Usually I’d also recommend yoga, stretching and strength training, though those have become harder to do amid widespread closures of gyms and yoga studios. Nonetheless, it’s possible to work your muscles even when you’re stuck at home.
The New York Times today published an excellent article on self-care during the coronavirus that I warmly recommend you read. Among others, it lists various video-based exercise routines you can do at home: —
A guide to yoga for people of all experience levels, with links to a variety of apps and classes.
If you’re looking to relax, this guide to yoga can help walk you through it.
A series of six-minute workout videos that exercise four main muscle groups: cardio, the lower body, the upper body and the core.
A guide to a nine-minute strength workout that should be used two to three times a week for maximum benefits.
A guide to short high intensity interval training workouts.
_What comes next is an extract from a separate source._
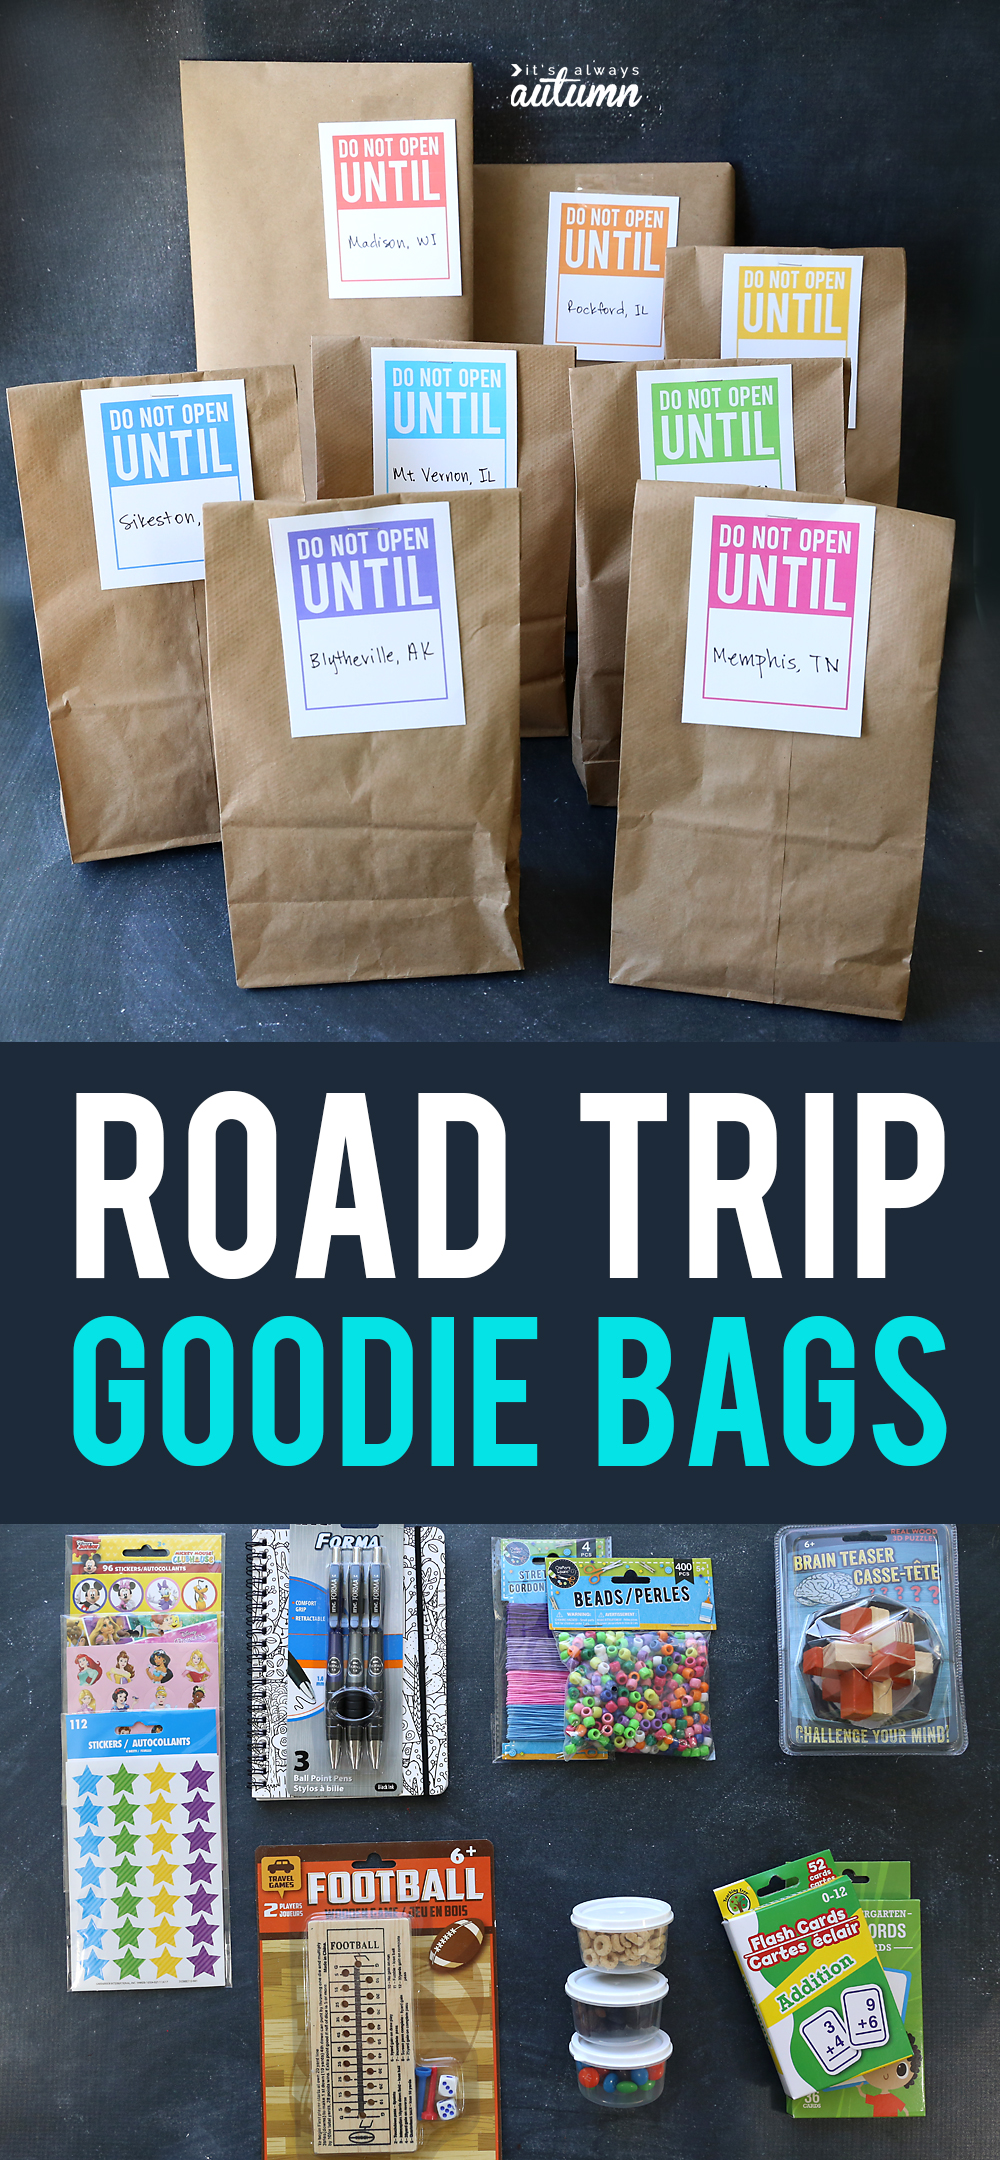 Road trip goodie bags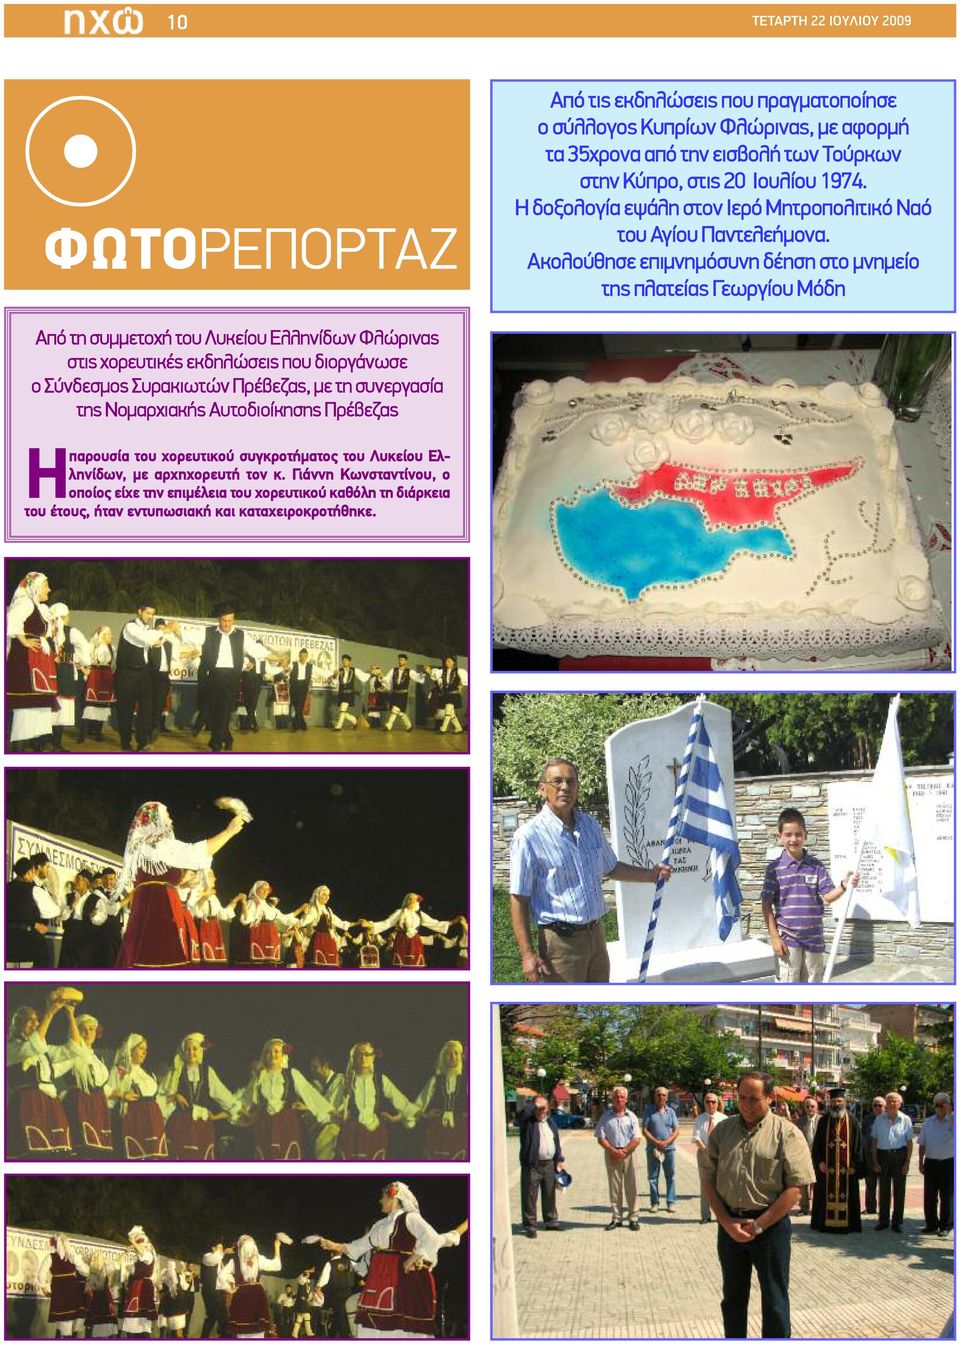 Aκολούθησε επιμνημόσυνη δέηση στο μνημείο της πλατείας Γεωργίου Μόδη Από τη συμμετοχή του Λυκείου Ελληνίδων Φλώρινας στις χορευτικές εκδηλώσεις που διοργάνωσε ο Σύνδεσμος Συρακιωτών

* “Inner pig-dog” is a translation from the German expression, “der innere Schweinehund” — the little voice inside your head that talks you into curling up on the sofa watching TV rather than doing housework or going to the gym. The pig-dog is actually your reptile brain trying to prevent you from doing something new and potentially dangerous. It’s not trying to harm us — if anything, by keeping us entrenched in safe and soothing routines, our pig-dog is trying to keep us safe. Pet it, thank it for looking out for you, and tell it: “Thanks, pig-dog — I know you mean well, but I got this.”